According to the staging of melanoma, treatment methods differ and include incisional biopsy at stages I and II and chemotherapy with dacarbazine and temozolomide at stage VI.³ Unfortunately, the existing treatments have a poor prognosis, while the disease progresses to the upper stages. This informs us to seek help from other treatments such as photodynamic therapy, immunotherapy, chemotherapy, and target therapy.⁴ In the past years, melatonin (MLT) was one of the elements that had been considered for melanoma treatment. MLT is a hormone secreted by the pineal gland that has a role in the regulation of circadian and seasonal rhythms.⁵ Further, MLT has various effects on the endocrine, nervous, and immune systems.⁶

According to the rhythmic production of MLT, it has been shown that cell proliferation in the mammalian bone marrow and the lymphoid system follows a diurnal and seasonal rhythm,⁷ and lymphocytic subset proliferation,⁸ natural killer (NK) cell activity,⁹ and cytokine production¹⁰ are also rhythmic. Furthermore, considering that MLT reaches its highest level at night, the circulating lymphocytes of deer mice,^11,12 tropical palm squirrels,¹³ and humans¹⁴ also reach their highest levels at night. Different studies suppressed the production of MLT in several ways and showed that in pinealectomized mice, the size of the thymus was 70% smaller than the thymus of control mice^15,16 after 2 weeks, or in the BALB/c mouse that had been exposed to light from birth, the cortex of the thymus was devoid of lymphocytes and lymphoblasts were absent.¹⁷ In addition, among the in vivo effects of MLT, we can mention the increase in the weight of the thymus of Gerbil rats after the daily afternoon injection of MLT,¹⁸ spleen hypertrophy, and an increase in interferon-gamma (IFN-γ) in Syrian hamsters.¹⁹ Other effects of MLT on the immune system include the activation of T-cells, B-cells, NK cells, and monocytes and the release of some cytokines, such as IFN-γ, interleukin-1 (IL)-1, IL-2, IL-6, and IL-12.^20-25

In this study, the immune feature of MLT is of interest, especially since studies recently conducted on the effects of MLT on melanoma have shown that MLT has an inhibitory effect on the growth of melanoma cells.

Materials and Methods

Cell Culture

RAW264.7 Cell Line Culture

The RAW264.7 cell line was obtained from the Tehran Pasteur Cell Bank in flasks. After observing the flask with an inverted microscope and ensuring the health of the cells, the flask was transferred to the CO₂ greenhouse and incubated at 37˚C. After 3 days, with changing the environment color, the flask was transferred to the sterilized class II laminar hood, and the supernatant was centrifuged at 1200 rpm for 5 minutes. Next, the cell mass was dissolved in a 1 cc high glucose Dulbecco’s modified eagle medium (DMEM), and the number of living cells was counted by trypan blue.

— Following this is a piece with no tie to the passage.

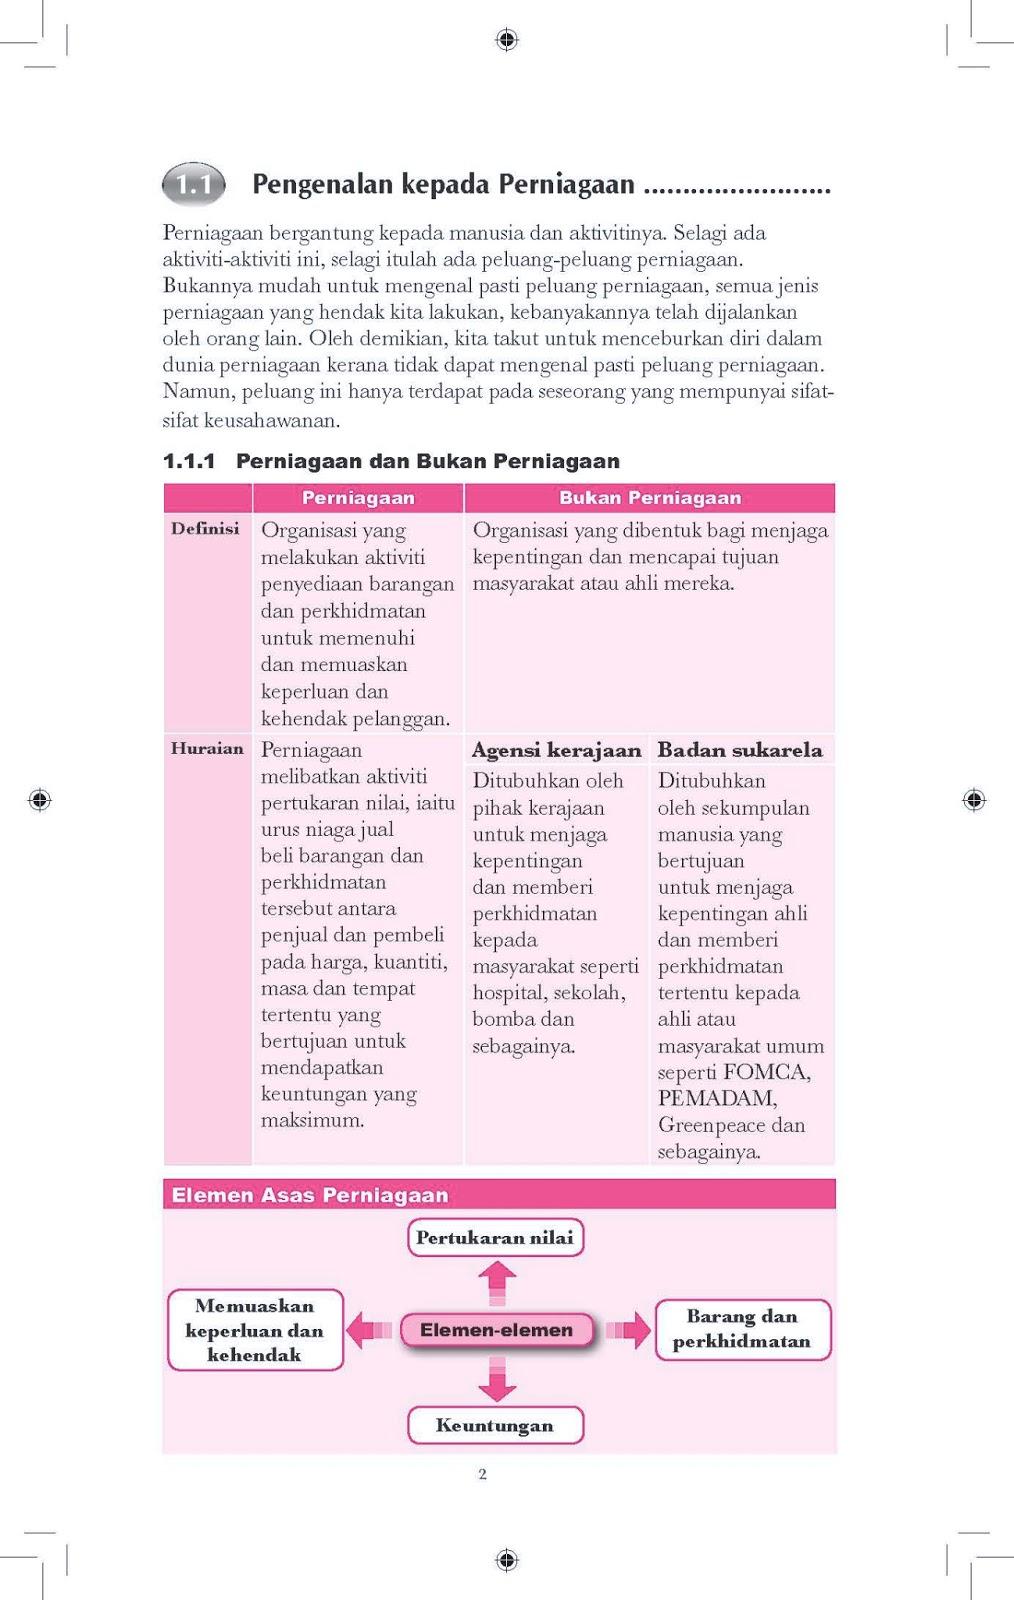 Laman Pengajian Perniagaan STPM Cikgu aZLy: BUKU RUJUKAN

Finally, the cells were cultured in the new medium containing 90% high glucose complete DMEM, 10% fetal bovine serum (FBS), 1% Pen-Strep antibiotic (penicillin + streptomycin), and 2% L-glutamine in a greenhouse with 5% CO₂ and 95% humidity at 37 ˚C. Cell passage was performed after filling 80% of the flask space.

A-375 Cell Line Culture

A-375 cells were obtained as a frozen vial from the liquid nitrogen tank of the Pasteur Institute of Tehran. Then, to defreeze the cells, first, the cryotube was transferred inside the sterilized class II laminar hood. After the cryotube reached the same temperature as the ambient temperature, 2 cc of the RPMI medium was added to the cell suspension. After centrifuging at 2000 rpm for 5 minutes, the supernatant was removed, and 1 cc of RPMI medium was added to the cell mass. The rate of survival was determined with the trypan blue staining method. The cells were transferred to a complete medium containing 90% RPMI, 10% FBS, and 1% Pen-Strep and incubated in a greenhouse with 5% CO₂ and 95% humidity at 37 ˚C. Finally, cell suspension with a volume of 190% FBS and 10% dimethyl sulfoxide (DMSO) was transferred to a cell cryotube and frozen at -80°C, and stored in a nitrogen tank.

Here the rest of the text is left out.